The answer, alas, is that there are many, many answers, each contributing a bit to the puzzle.

One group of people are not surprised at all: Woolf and the other researchers involved in a landmark, 400-page study ten years ago with a name that says it all: “Shorter Lives, Poorer Health.” The research by a panel convened by the National Academy of Sciences and funded by the National Institutes of Health compared U.S. health and death with other developed countries. The results showed – convincingly – that the U.S. was stalling on health advances in the population while other countries raced ahead.

The authors tried to sound an alarm, but found few in the public or government or private sectors were willing to listen. In the years since, the trends have worsened. American life expectancy is lower than that of Cuba, Lebanon, and Chechnya.

Ten years later, here’s a look back at what that eye-popping study found, and why the researchers involved believe it’s not too late to turn the trends around.

I don’t take comparisons with less developed countries seriously, as they’re as likely to be a function of differential methods and degrees of diligence in record-keeping. But there’s no denying the larger trends.

Americans are used to hearing about how their poor diets and sedentary lifestyles make their health bad. It can seem easy to brush that off as another scold about eating more vegetables and getting more exercise. But the picture painted in the “Shorter Lives” report could shock even those who feel like they know the story.

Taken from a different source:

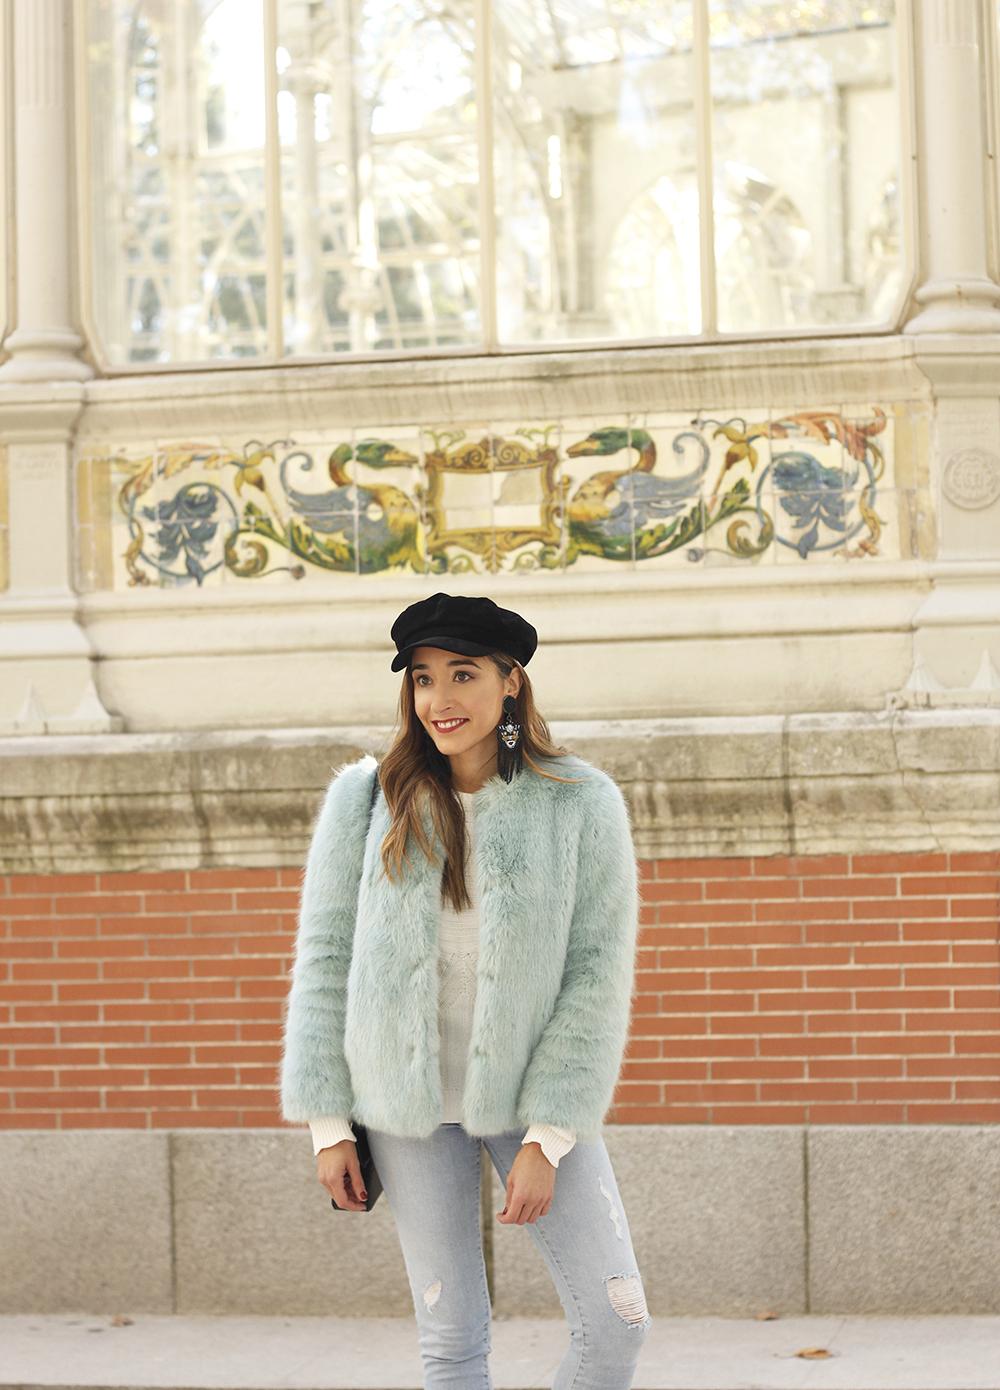 blue light faux fur coat navy cap ripped jeans zara tiger uterqüe earrings outfit street style09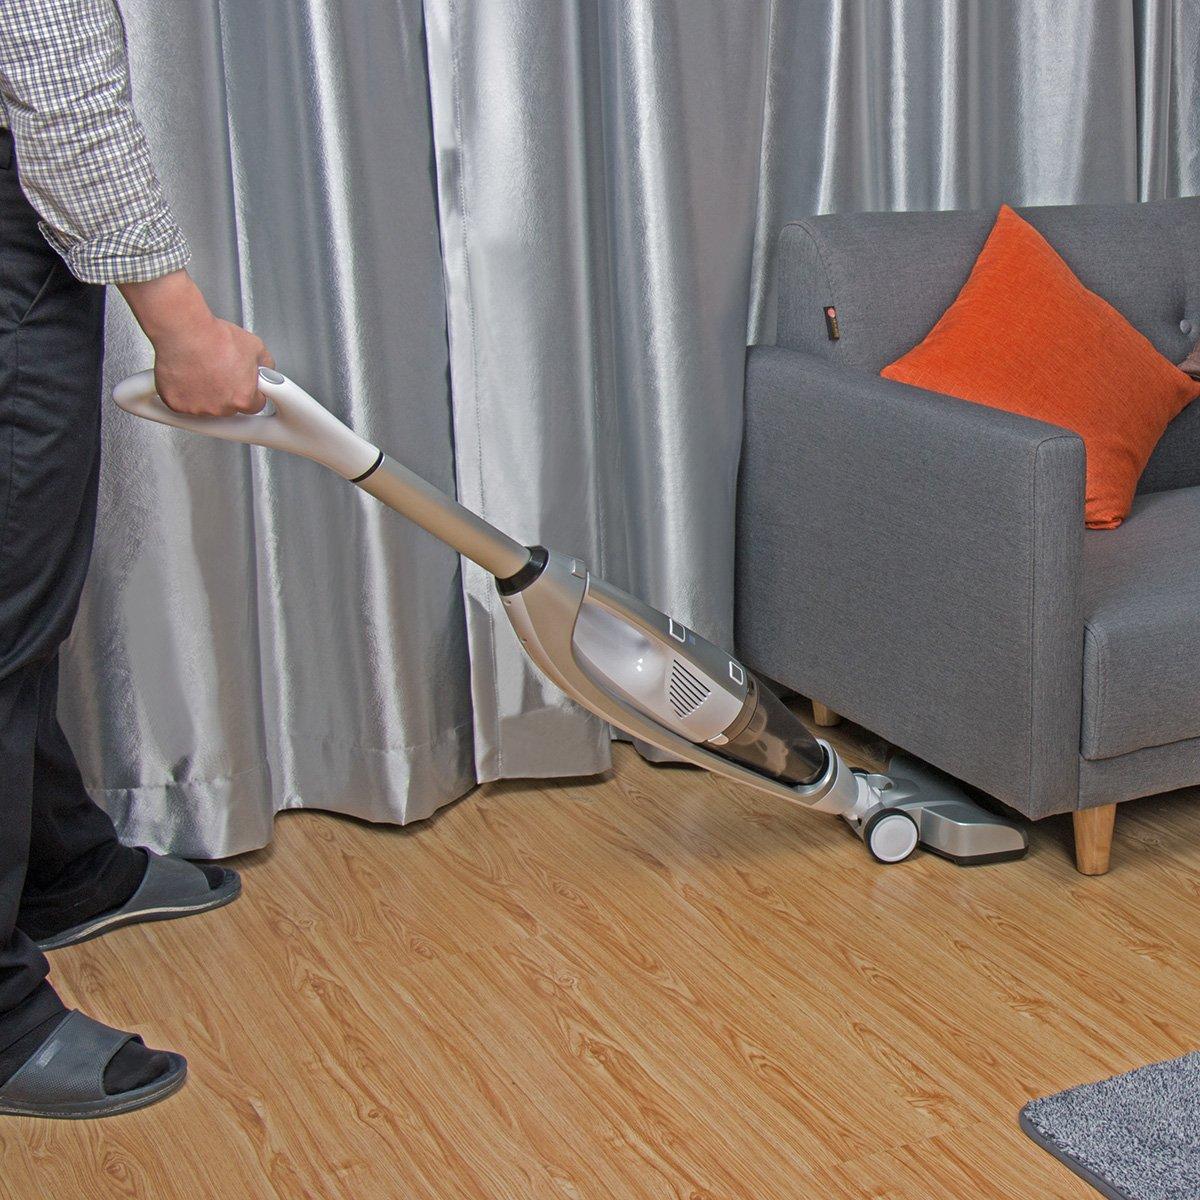 Cordless Vacuum Cleaner, EVERTOP 4 in 1 Bagless Stick Upright Vacuum Cleaner, Handheld Vacuum Cleaner, Floor Carpet Sweeper, Wet-Dry Vacuum Mop Cleaner for Hard Floor, Thin Carpet (Silver)

“American children are less likely to live to age 5 than children in other high-income countries,” the authors write on the second page. It goes on: “Even Americans with healthy behaviors, for example, those who are not obese or do not smoke, appear to have higher disease rates than their peers in other countries.”

The researchers catalog what they call the “U.S. health disadvantage” – the fact that living in America is worse for your health and makes you more likely to die younger than if you lived in another rich country like the U.K., Switzerland or Japan.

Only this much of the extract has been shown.